Me, too. I like the short, sweet, sometimes funny tests best. So here is my newest test regarding creativity featuring Roger Price’s “Droodles.”
Do I hear you asking, “What is a Droodle?” Or maybe even, who the heck is Roger Price? Roger is my favorite comedy writer and cartoonist of all time. Back in the 1950s, he created the droodle – a combination of a doodle – what you scribble while attending a very dull lecture. Or while you are listening to some long-winded person on the phone. And a riddle. It’s a droodle.
First, let me tell you about Roger Price
Roger was born March 6, 1918 in Charleston, West Virginia. During the 1940s, he was a comedy writer for The Bob Hope Show. He performed in the musical revue, Tickets, Please! (1950), and wrote sketch material for New Faces of 1952. He was a panelist on several other game shows of the early 50s including the popular What's My Line? Your parents may remember that one.
His book, Droodles, published in 1953 became so popular it launched a droodles craze and subsequently became the subject of a new TV game show with the same name. Roger was the host. The commercial success of his collections of droodles led to the founding of the Price Stern Sloan publishing house. Roger had met Stern when they were both writers on the Tonight show.
Mad Libs Books
Price was the prolific author of a number of other Droodle books as well as numerous books in which he collaborated with Leonard Stern including the popular Mad Libs series based on a mixed-up story-telling game.
Other books by Price include What Not to Name the Baby, In One Head and Out the Other, I’m for Me First, J.G., the Upright Ape, and The Great Roob Revolution.
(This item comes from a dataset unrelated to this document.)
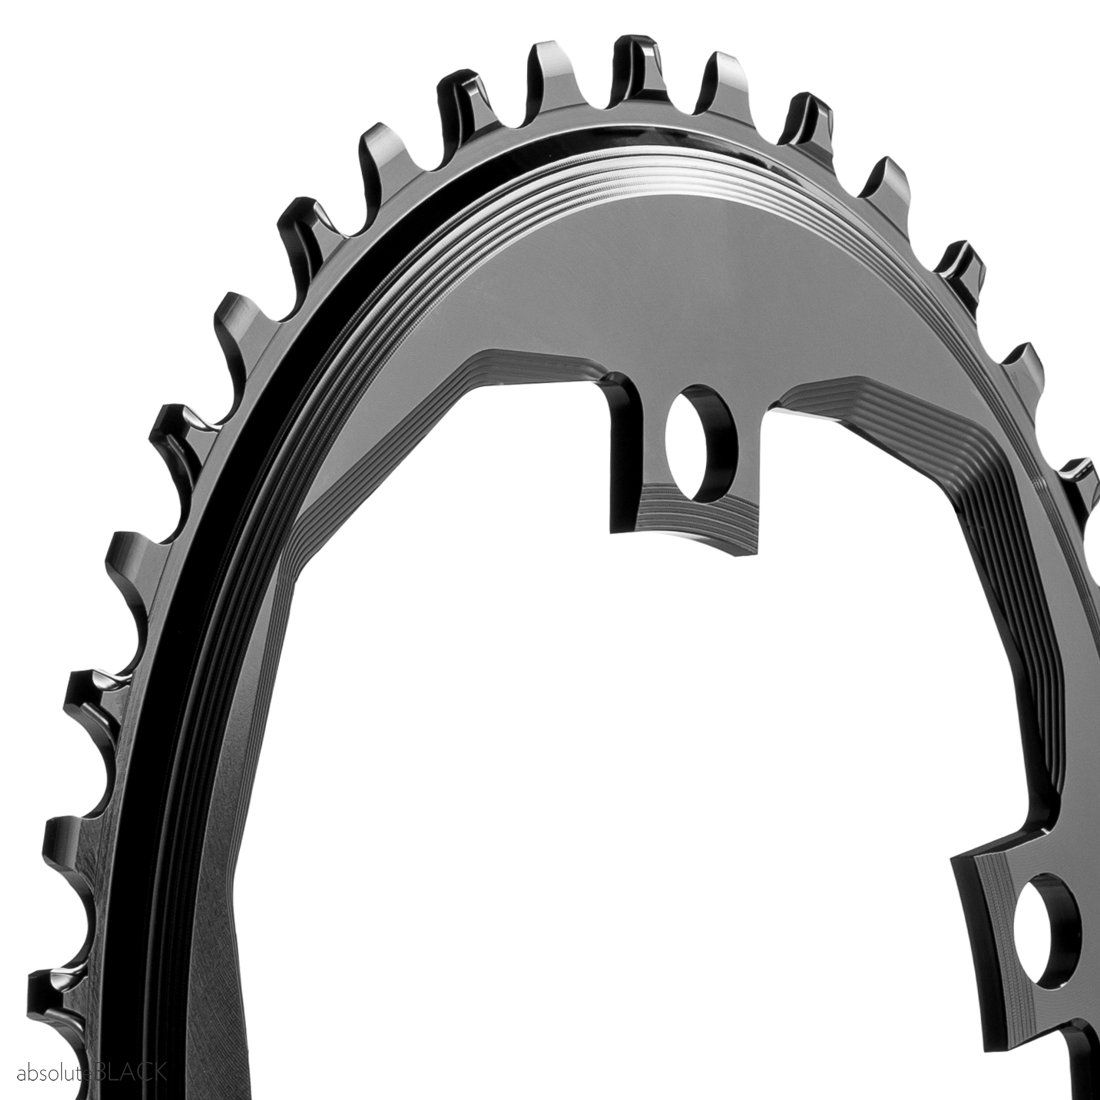 Oval chainring for SRAM Apex 1 cranks
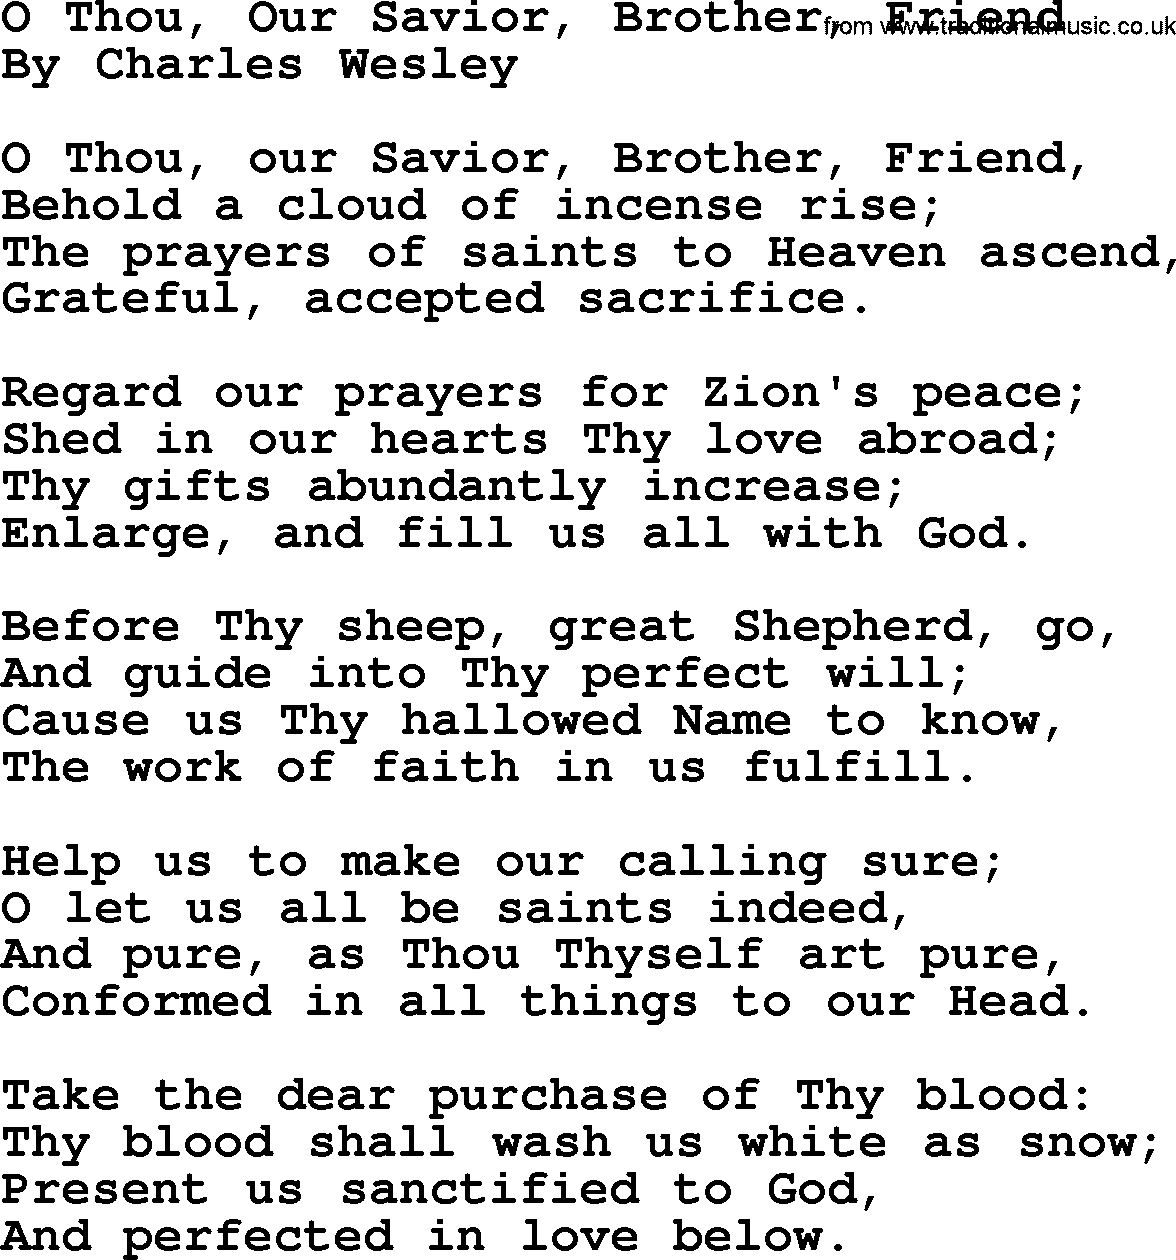 Charles Wesley hymn: O Thou, Our Savior, Brother, Friend, lyrics

As well as an album, Roger and Over.
There was a sense of the sublime in his writing. He once described a colleague as having “a physique that is just barely noticeable and a long expression.
In fact, he looks like a beagle who is too polite to mention that someone is standing on his tail . . . and pretty girls frequently stop on the street to scratch him behind the ears.”
A little history about Droodles
You won’t find the word in any dictionary, but droodles can be traced back to the 16th century.
The Italian painter, Agostino Carracci (1557- 1602), drew one of the oldest known droodles - a vertical line with a small circle near the top and another line at an angle – representing a blind beggar behind a street corner. At least that’s what Agostino said it was.
Baby-boomers may recall these puzzles from when they were younger. Roger Price's name may not be well known, but the images of his droodle drawings prove that his work resides in the deep recesses of our minds. These simple line drawings with sometimes complicated answers may be silly and almost impossible to guess but they are fun to try to decipher.
This graphic by the way is famous – it appears on the front cover of Frank Zappa’s album of the same name (1982) -“Ship Arriving Too Late to Save a Drowning Witch.” Can you see it? Price also had an alternate caption for this droodle – “Mother Pyramid Feeding Her Baby.” These whimsical diagrams can often have more than one punch line so there are no wrong answers – as long as the answer is funny.
Finally – The Droodle Test for Creativity
Here are 12 examples of popular Roger Price droodles – only the graphics and not the original captions. Each graphic is numbered from 1 to 12. Your mission if you care to undertake it, before I self-destruct, is to think of a caption that you think describes each droodle.
Take a sheet of blank paper and write down the numbers from 1 to 12. Write your title for each graphic next to the appropriate graphic number. Your caption may be Roger’s if you remember it, or your own as long as it is applicable . . . and funny.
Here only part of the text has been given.